[Task requirements]
Each line from the one that has "Handmade Turkish White Vase" through the end of the entries below must be written out exactly; leave out all other lines.

---------- Exercise data ----------

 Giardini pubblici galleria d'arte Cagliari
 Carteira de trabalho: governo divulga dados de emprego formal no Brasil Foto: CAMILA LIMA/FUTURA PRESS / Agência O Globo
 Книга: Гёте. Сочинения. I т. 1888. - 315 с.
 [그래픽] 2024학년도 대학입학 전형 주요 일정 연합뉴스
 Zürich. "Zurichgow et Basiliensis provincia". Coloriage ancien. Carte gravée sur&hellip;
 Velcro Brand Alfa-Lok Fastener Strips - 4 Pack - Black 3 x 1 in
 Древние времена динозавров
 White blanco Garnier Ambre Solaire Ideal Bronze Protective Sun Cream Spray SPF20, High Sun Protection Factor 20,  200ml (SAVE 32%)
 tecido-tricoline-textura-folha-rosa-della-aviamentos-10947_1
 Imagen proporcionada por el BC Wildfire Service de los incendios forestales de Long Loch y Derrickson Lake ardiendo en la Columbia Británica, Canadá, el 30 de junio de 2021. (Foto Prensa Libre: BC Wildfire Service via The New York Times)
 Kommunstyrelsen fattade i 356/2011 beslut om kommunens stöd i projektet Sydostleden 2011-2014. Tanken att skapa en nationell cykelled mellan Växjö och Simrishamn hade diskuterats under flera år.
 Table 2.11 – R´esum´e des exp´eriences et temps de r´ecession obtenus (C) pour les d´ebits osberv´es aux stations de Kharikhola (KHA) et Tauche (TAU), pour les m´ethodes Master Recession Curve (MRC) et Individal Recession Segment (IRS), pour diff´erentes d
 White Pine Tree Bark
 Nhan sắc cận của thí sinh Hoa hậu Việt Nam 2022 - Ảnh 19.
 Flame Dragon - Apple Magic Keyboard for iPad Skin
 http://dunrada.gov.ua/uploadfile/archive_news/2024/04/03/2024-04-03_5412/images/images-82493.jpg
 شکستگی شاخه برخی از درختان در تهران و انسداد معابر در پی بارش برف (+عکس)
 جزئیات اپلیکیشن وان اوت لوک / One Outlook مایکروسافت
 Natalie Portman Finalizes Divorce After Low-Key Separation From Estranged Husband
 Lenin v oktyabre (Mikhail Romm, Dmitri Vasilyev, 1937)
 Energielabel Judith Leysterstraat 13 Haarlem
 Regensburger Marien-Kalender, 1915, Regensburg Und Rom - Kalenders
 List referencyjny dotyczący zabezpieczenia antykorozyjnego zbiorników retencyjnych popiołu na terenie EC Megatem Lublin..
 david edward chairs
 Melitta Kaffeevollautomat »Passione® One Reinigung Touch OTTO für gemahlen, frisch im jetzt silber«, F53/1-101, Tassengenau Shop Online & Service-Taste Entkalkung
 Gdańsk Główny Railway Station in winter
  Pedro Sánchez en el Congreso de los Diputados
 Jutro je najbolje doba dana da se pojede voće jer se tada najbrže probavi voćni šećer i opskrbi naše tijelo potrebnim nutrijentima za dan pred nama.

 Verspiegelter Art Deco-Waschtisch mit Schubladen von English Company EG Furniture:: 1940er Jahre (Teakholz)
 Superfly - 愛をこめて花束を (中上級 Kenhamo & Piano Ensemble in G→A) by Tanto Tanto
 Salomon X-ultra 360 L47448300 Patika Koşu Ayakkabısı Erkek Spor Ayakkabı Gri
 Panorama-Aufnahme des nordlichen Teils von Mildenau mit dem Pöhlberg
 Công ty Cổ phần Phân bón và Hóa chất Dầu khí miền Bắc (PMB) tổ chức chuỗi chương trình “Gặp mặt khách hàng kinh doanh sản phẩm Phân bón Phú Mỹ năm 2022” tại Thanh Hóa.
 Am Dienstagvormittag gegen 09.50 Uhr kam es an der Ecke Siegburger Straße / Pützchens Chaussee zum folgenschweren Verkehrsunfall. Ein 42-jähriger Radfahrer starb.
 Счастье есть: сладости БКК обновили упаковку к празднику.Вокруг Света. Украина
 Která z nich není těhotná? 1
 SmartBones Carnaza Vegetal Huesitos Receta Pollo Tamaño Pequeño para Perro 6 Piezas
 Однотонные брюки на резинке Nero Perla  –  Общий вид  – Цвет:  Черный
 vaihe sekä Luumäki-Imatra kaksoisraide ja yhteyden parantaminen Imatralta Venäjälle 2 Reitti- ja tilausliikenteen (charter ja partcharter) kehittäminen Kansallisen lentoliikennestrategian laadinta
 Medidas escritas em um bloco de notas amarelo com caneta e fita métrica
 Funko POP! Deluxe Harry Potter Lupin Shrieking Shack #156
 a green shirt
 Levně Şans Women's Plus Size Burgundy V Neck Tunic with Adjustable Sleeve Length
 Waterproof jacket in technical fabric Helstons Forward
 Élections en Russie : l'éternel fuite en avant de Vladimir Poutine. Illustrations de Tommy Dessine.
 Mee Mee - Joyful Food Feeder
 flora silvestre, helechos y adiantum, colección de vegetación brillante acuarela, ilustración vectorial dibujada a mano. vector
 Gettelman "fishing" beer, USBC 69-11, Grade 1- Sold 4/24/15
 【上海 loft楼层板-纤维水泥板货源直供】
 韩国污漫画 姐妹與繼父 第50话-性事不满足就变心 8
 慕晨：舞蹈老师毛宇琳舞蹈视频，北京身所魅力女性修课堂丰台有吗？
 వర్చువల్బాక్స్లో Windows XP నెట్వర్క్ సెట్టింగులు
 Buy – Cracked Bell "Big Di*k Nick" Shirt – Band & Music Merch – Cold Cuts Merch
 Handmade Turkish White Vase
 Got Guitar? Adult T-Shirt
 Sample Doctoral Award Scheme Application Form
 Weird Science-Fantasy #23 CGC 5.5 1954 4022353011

----------

[Result for this exercise]
 Handmade Turkish White Vase
 Got Guitar? Adult T-Shirt
 Sample Doctoral Award Scheme Application Form
 Weird Science-Fantasy #23 CGC 5.5 1954 4022353011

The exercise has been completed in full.